Undoubtedly the success of the CA & E, often nicknamed "Third Rail" or "Roarin' - Elgin", lay in its fast route to the heart of Chicago, serving its communities east of Wheaton with often fifteen - minute interval midday service (147 trains daily during one era between Wheaton and Chicago, for example), as well as a friendly, locally - managed operating staff. So important was the line that, following a receivership (bankruptcy) due to World War I related problems, in 1922 it was reorganized and renamed the Chicago, Aurora and Elgin Railroad, and, during the 1920s was rebuilt and managed by Dr. Thomas Conway of Philadelphia, famous for his overhaul of several interurban lines. Conway sold out in 1925 to an even more famous investor in public utilities and interurbans, Samuel Instill, who, until a new bankruptcy brought about by the Depression in 1932, developed the line into the suburban operation it ultimately stood for.

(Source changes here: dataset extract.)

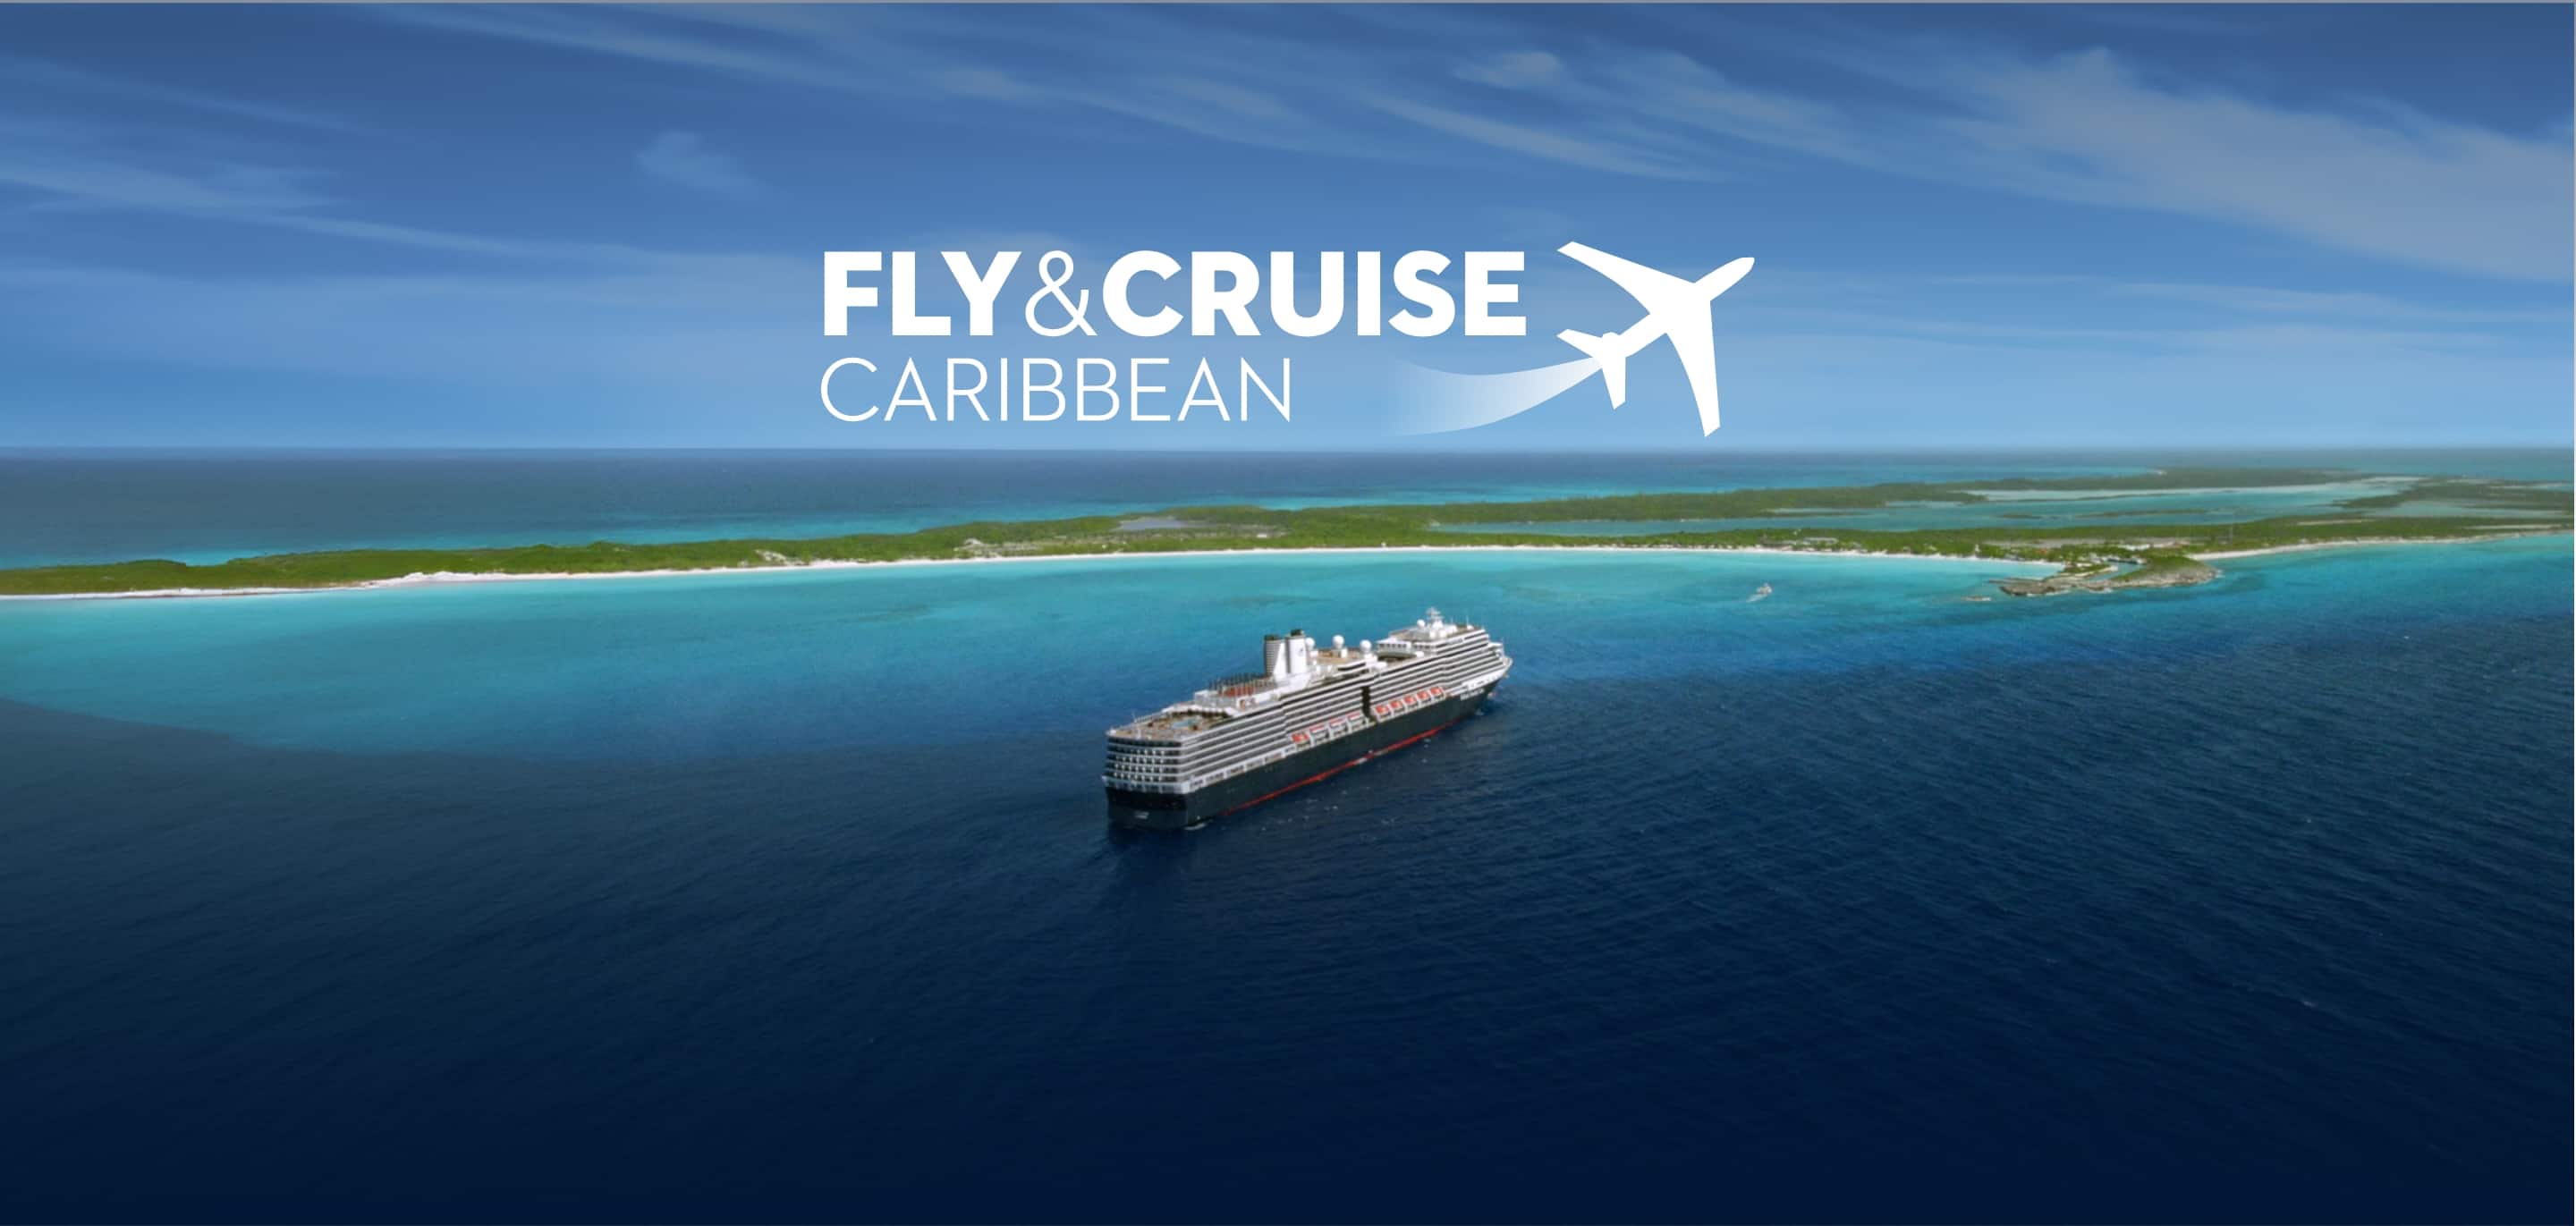 Fly&Cruise Caribbean

While the bankruptcy of 1932 brought hard times to the CA & E, its existence was necessitated by its ridership. It made actual profits during the World War II years through 1952; was reorganized from bankruptcy in 1946; bought several new cars in 1945, but was forced to abandon passenger service between 1953 and 1957 due to the construction of the Congress Street Expressway, and the resulting loss of a one - seat ride into Chicago's loop. Freight service continued until 1959, and the line was torn up in 1962. Both Aurora and Elgin had other interurban routes radiating from their downtowns. Both had interurban lines North and South - with through cars running between the cities by 1900. These lines were owned, until 1923, by the Aurora, Elgin and Chicago, when a local Aurora company, The Western United Gas and Electric Company, purchased and rebuilt not only the interurban lines, but also the street car lines. Fifty - five new modern cars were purchased for the Aurora, Elgin and Fox River Electric Company as it became known. Street cars and interurbans gave way to buses during the early 1930s as the paved highway and auto made it uneconomical to continue rail service. The last trolley - an interurban car - ran for passengers March 31, 1935, ending almost forty - five years of electric operation in the Fox River Valley, except for the CA&E.